According to E2Tech Executive Director Jeff Marks, “the new cleantech leadership index follows other recent reports demonstrating that Maine’s wind, tidal, and biomass resources position the State for economic progress throughout its alternative energy sector. For example, the Maine Technology Institute 2014 report, Re-Examining Maine’s Economic Position, Innovation Ecosystem and Prospects for Growth in its Technology-Intensive Clusters, found that the alternative energy cluster is one of the fastest growing, with job gains of 11.9 % from 2007 to 2012. The clean energy sector has higher than average wages, is growing faster than other technology sectors, and is positioned to flourish under the right conditions. The growth of clean technology overall has outpaced the overall Maine economy and businesses are expanding and expect positive growth in the future.”
E2Tech Board Chair and Perkins Thompson Partner Jim Katsiaficas adds, “For those of us who work to promote Maine's Cleantech economy – E2Tech, Maine Technology Institute, among other organizations – and for the many new and growing Maine businesses in this sector, it is encouraging to see the results of this work recognized. At the same time, though, Massachusetts (2), Vermont (3), Connecticut (8), Rhode Island (12) and New Hampshire (16) all are doing better in this area, and so we in Maine have to do more to catch up with Cleantech business development in the other New England states.”

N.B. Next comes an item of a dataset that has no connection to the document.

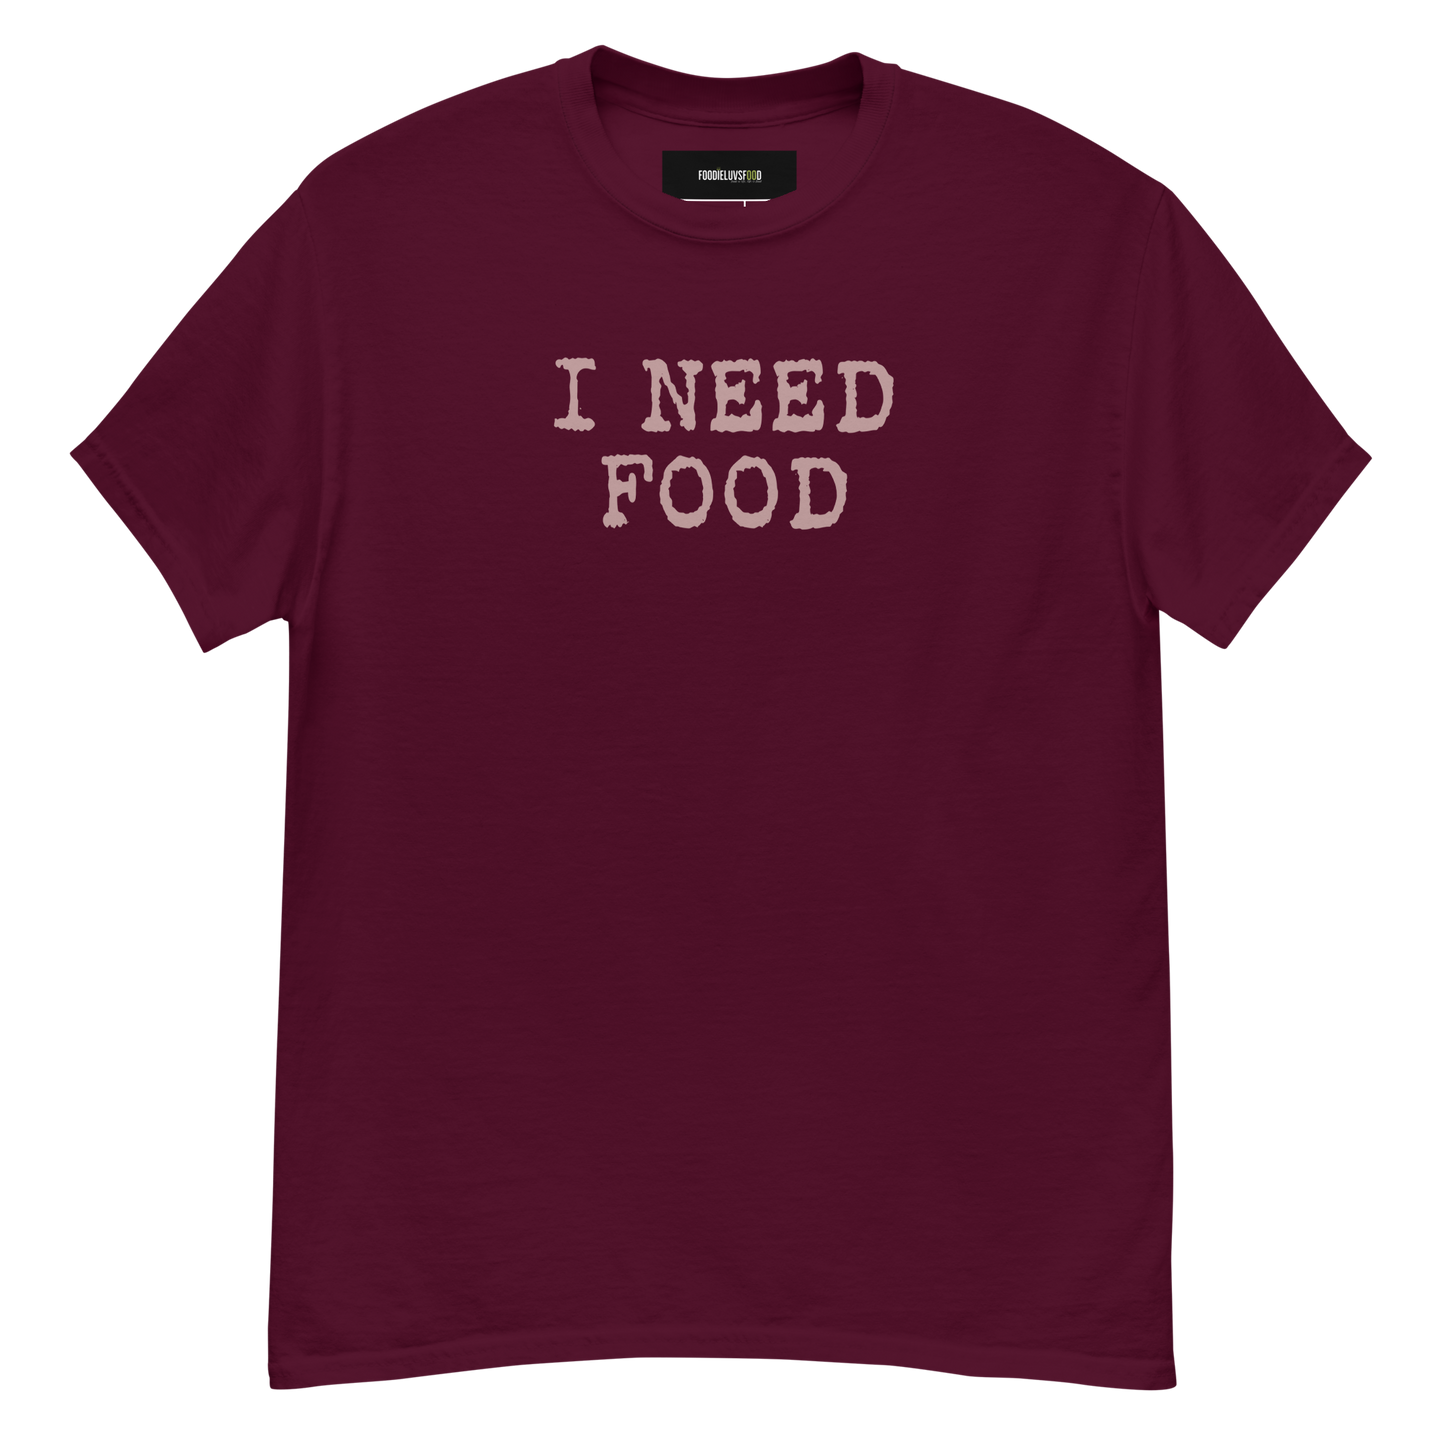 “I Need Food” Unisex Classic Food

Marks credited leading Maine businesses and technologies, like Pika Energy’s clean power electronics, Ocean Renewable Power Company’s tidal energy systems, and Rapport’s sustainability software, for enabling the growth of the sector but cautioned that “Maine must retain its leading position through continued policy support for renewable energy, energy efficiency and environmental initiatives. Certainty in the policy framework is a critical component of future business and economic development planning and helps steer private investment to innovation in the sector. It is important to publicize Maine’s technology and policy accomplishments to regional, national, and global investors to demonstrate our commitment to the strength of our clean technology sector.”

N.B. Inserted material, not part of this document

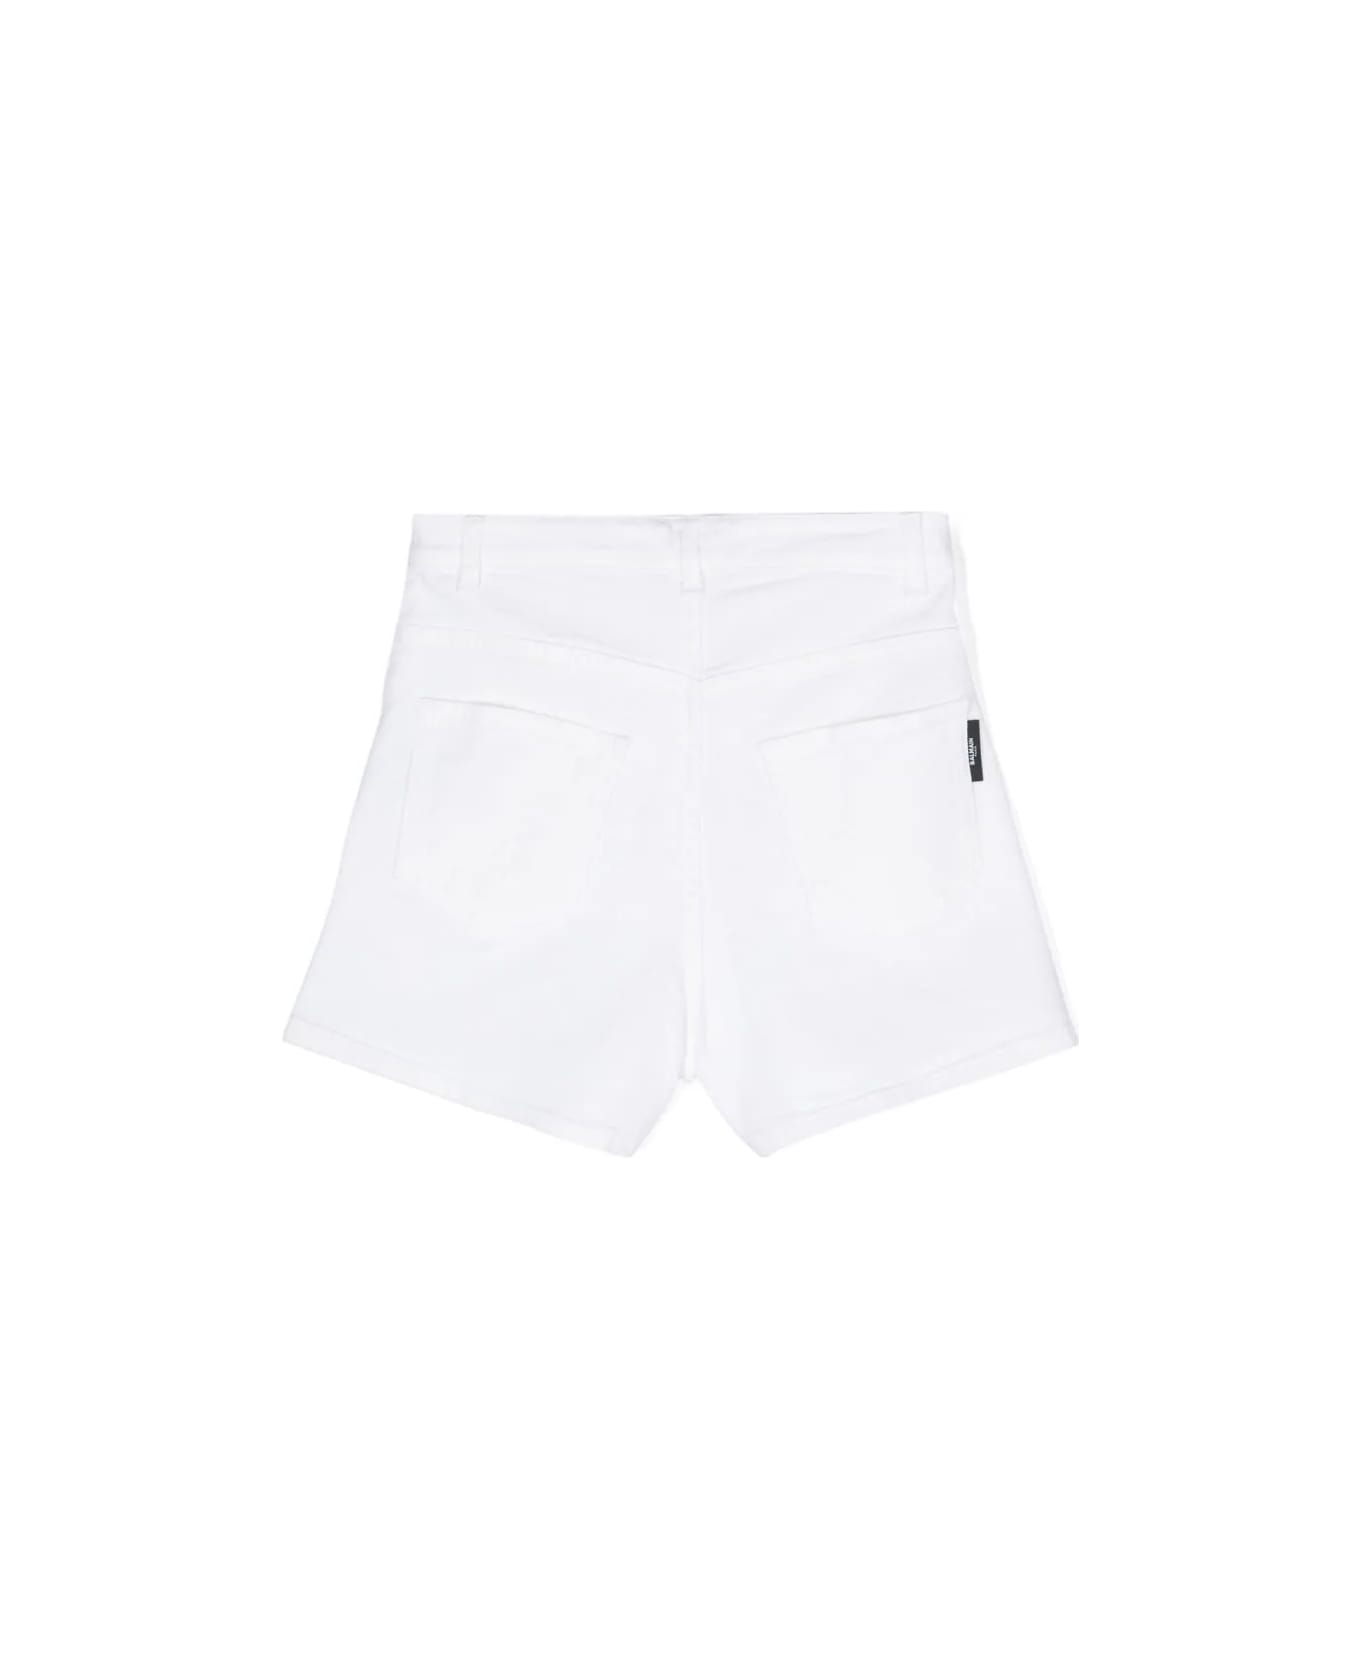 Balmain Shorts Denim - White ボトムス

Quickly following the release of the Leadership Index, the Cleantech Open Northeast (CTONE) announced that Delta Dewatering and F.E. Wood Natural Energy, two early-stage companies from Maine, were accepted to their Class of 2016, and Surge Hydro was newly accepted into both the 2016 CTONE and MassChallenge business competition. E2Tech is the Maine Director of CTONE and works with the Maine Technology Institute and U.S. Small Business Administration Growth Accelerator Fund to connect companies with the accelerator program.
“It’s not surprising that more Maine companies are gaining regional and national traction for energy and environmental leadership,” shared E2Tech Executive Director Jeff Marks. “The 2016 U.S. Clean Tech Leadership Index showed that Maine burst into the Top 10 in Technology, surging from 15th in 2015 to 9th in 2016.”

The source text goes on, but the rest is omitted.